In the electric field, water molecules in the feed water dissociate into H+ and OH-, which are attracted by opposite charges. H+ moves through the cation resin toward the cathode, and OH- moves through the anion resin toward the anode. This movement of H+ and OH- regenerates the resin. The cation membrane allows H+ to pass into the concentrate chamber, and the anion membrane allows OH- to pass into the concentrate chamber, where H+ and OH- combine to form water. The flow of water in the concentrate chamber carries away cations and anions from the water. The membranes prevent ions of opposite charges from entering the freshwater chamber. As water flows through the freshwater chamber, ions are removed by the resin, resulting in pure water on the effective side (freshwater chamber).

The operation process is as follows:

Raw water → Raw water booster pump → Multi-media filter → Activated carbon filter → Water softener → Precision filter → Primary reverse osmosis unit → Intermediate water tank → Intermediate water pump → EDI system → Microporous filter → Point of use

Process Flow

1. Pretreatment system → Reverse osmosis system → Intermediate water tank → Rough mixed bed → Fine mixed bed → Pure water tank → Pure water pump → UV sterilizer → Polishing mixed bed → Precision filter → End user (≥18 MΩ·cm) (Traditional process).

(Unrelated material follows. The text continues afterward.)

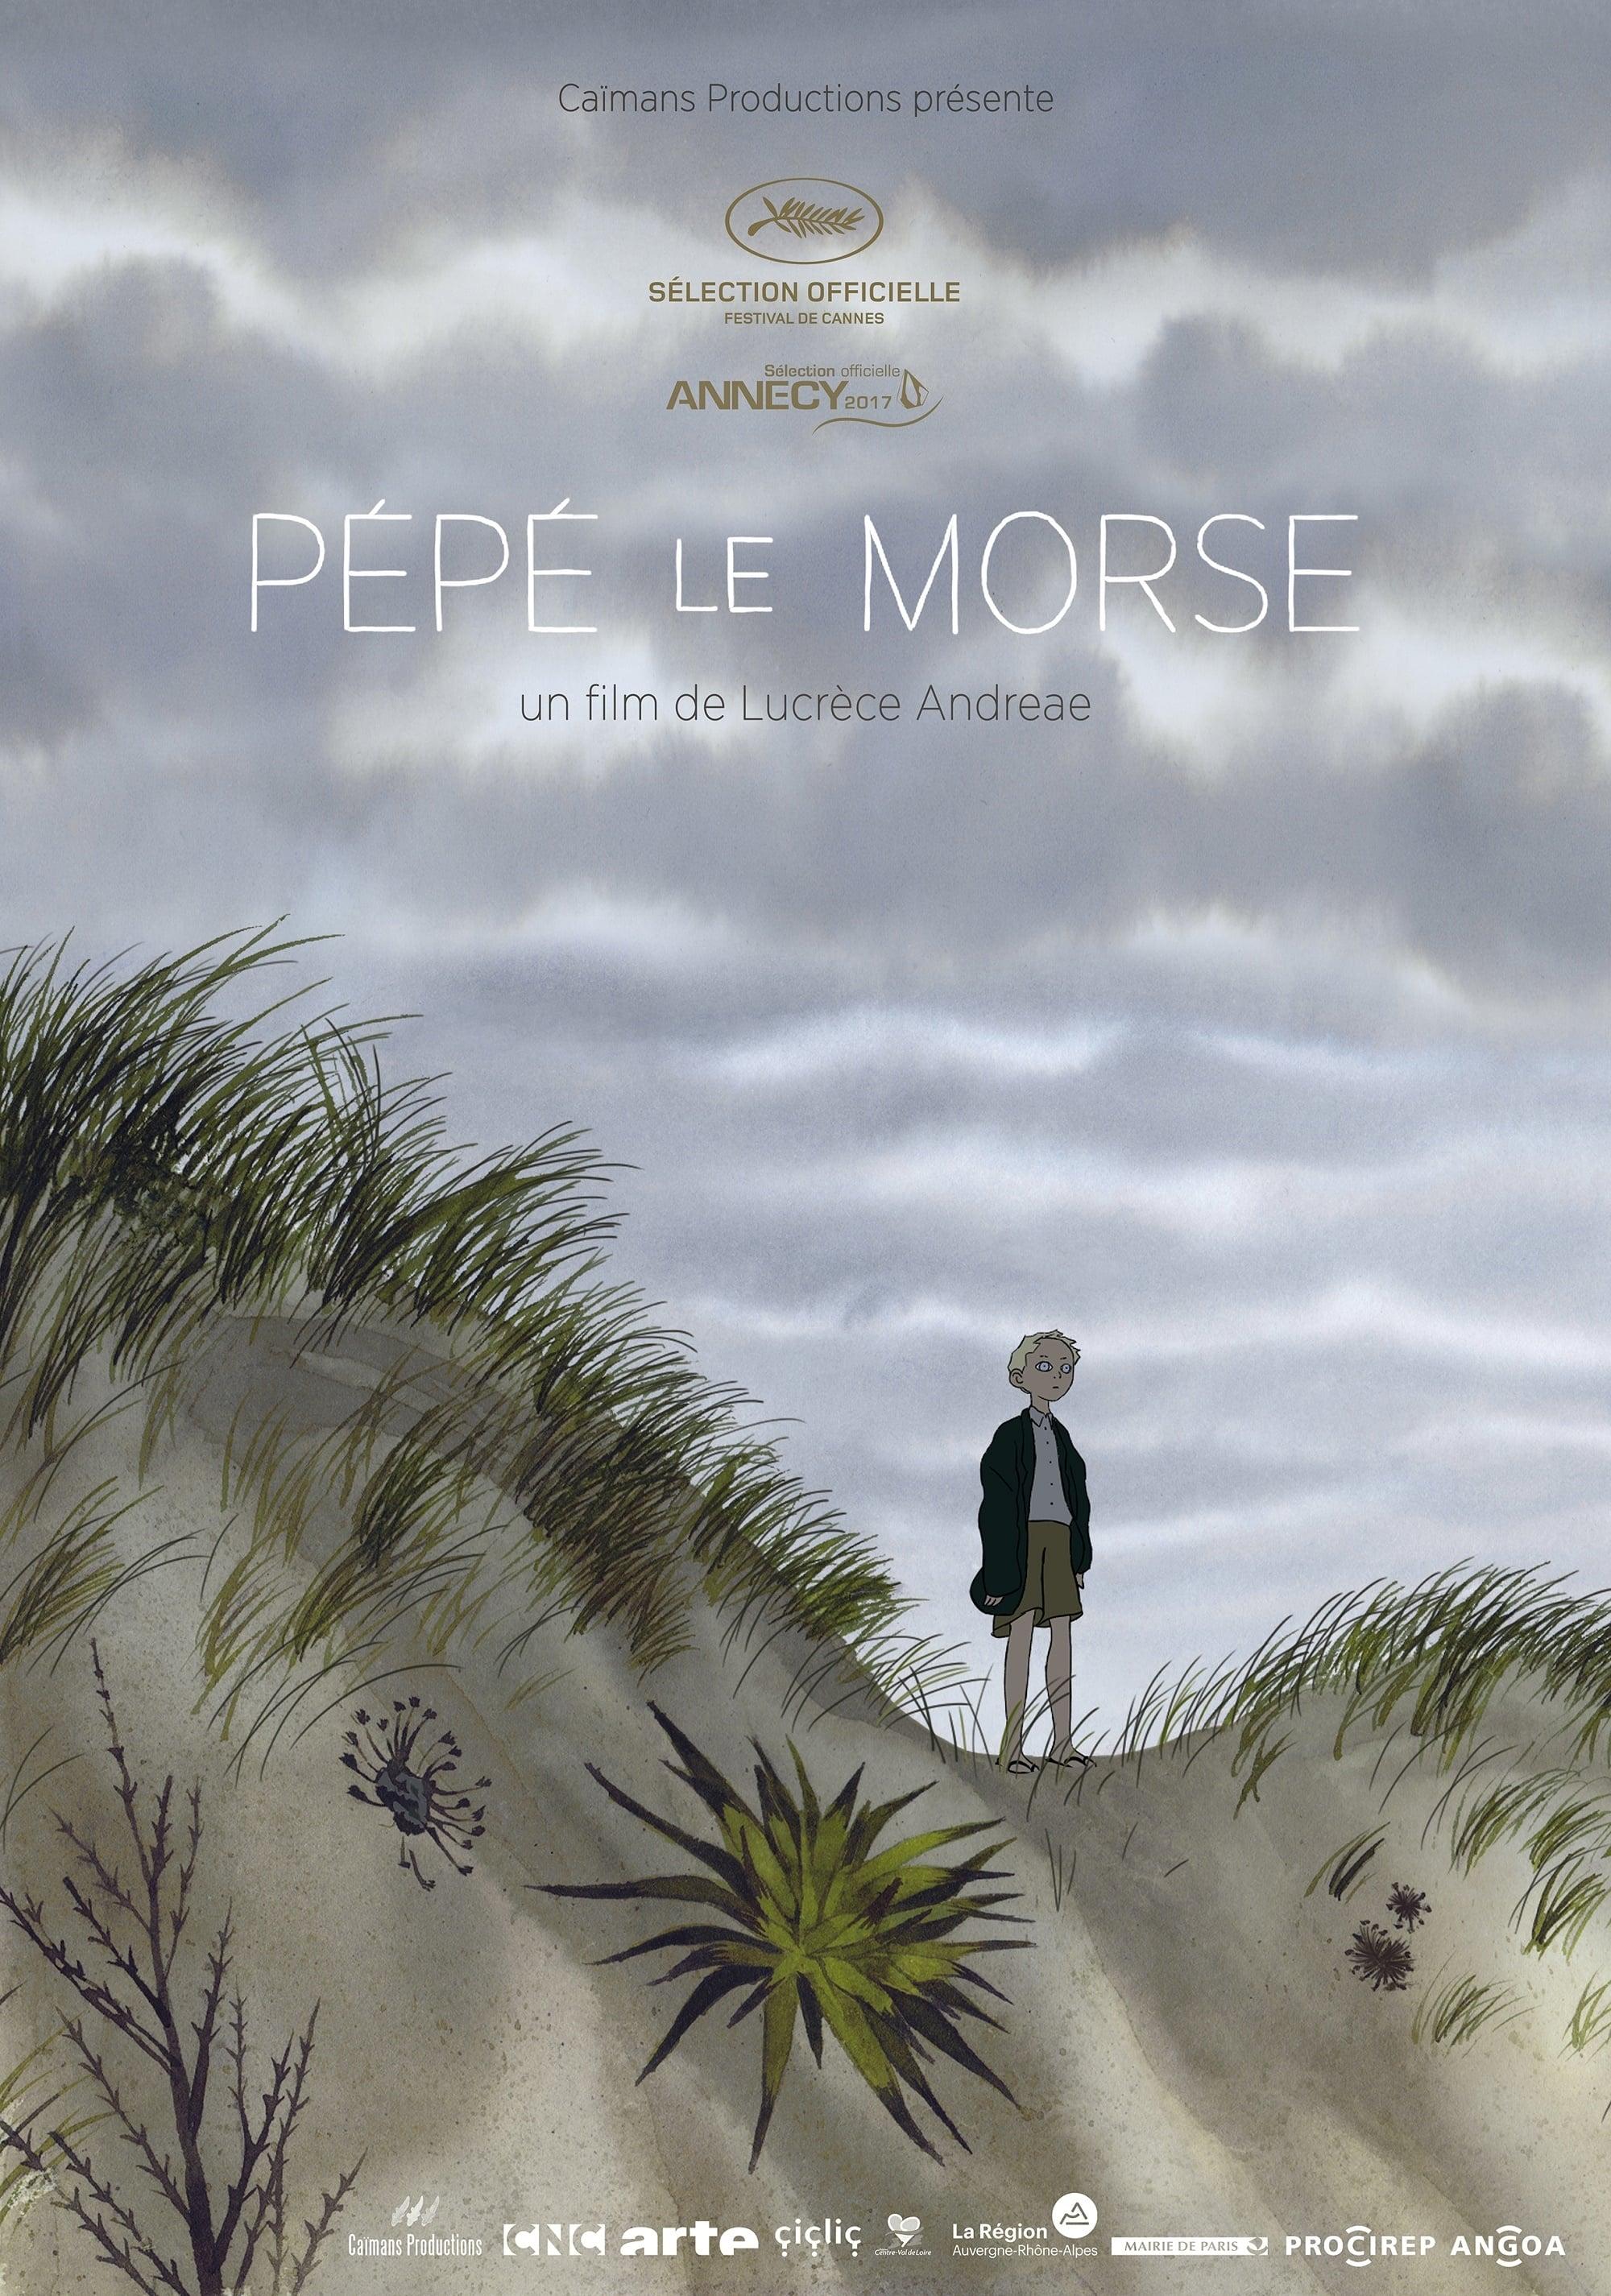 Pepe, a Morsa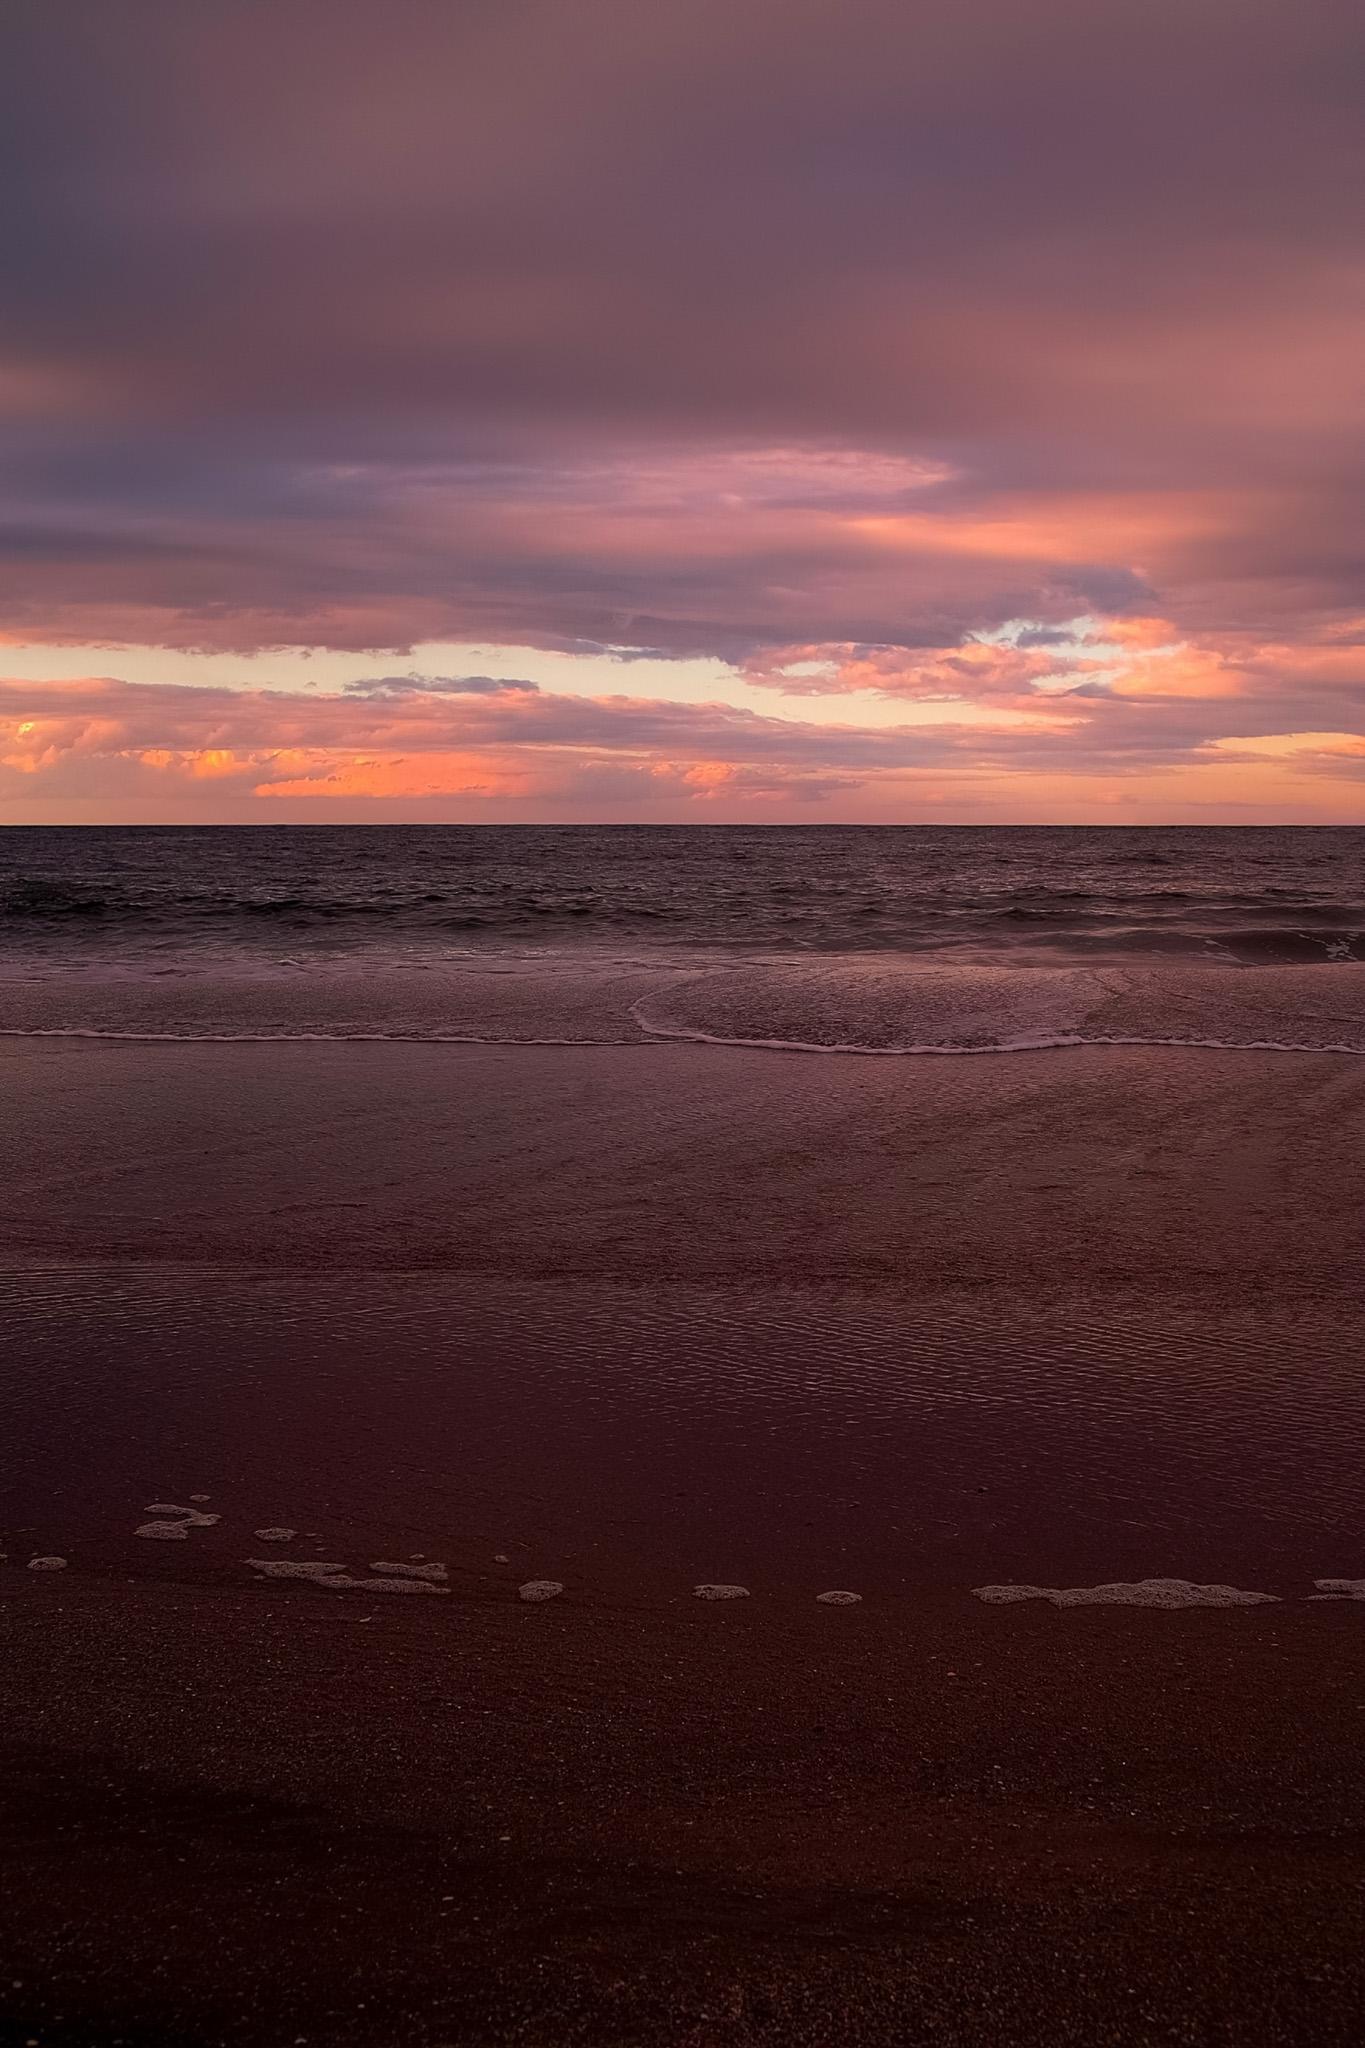 「サンセットビーチの画像」

2. Pretreatment → Reverse osmosis → Intermediate water tank → Water pump → EDI unit → Purified water tank → Pure water pump → UV sterilizer → Polishing mixed bed → 0.2 or 0.5 μm precision filter → End user (≥18 MΩ·cm) (New process).

3. Pretreatment → Primary reverse osmosis → Dosing unit (pH adjustment) → Intermediate water tank → Secondary reverse osmosis (positively charged reverse osmosis membrane) → Pure water tank → Pure water pump → EDI unit → UV sterilizer → 0.2 or 0.5 μm precision filter → End user (≥17 MΩ·cm) (New process).

4. Pretreatment → Reverse osmosis → Intermediate water tank → Water pump → EDI unit → Pure water tank → Pure water pump → UV sterilizer → 0.2 or 0.5 μm precision filter → End user (≥15 MΩ·cm) (New process).

5. Pretreatment system → Reverse osmosis system → Intermediate water tank → Pure water pump → Rough mixed bed → Fine mixed bed → UV sterilizer → Precision filter → End user (≥15 MΩ·cm) (Traditional process). Each of the above processes has its own advantages, and you can choose the one that suits your needs based on your specific situation. With the advancement of science, many new processes have replaced old ones. Using reverse osmosis to produce high-purity water has become widespread and is the current standard process.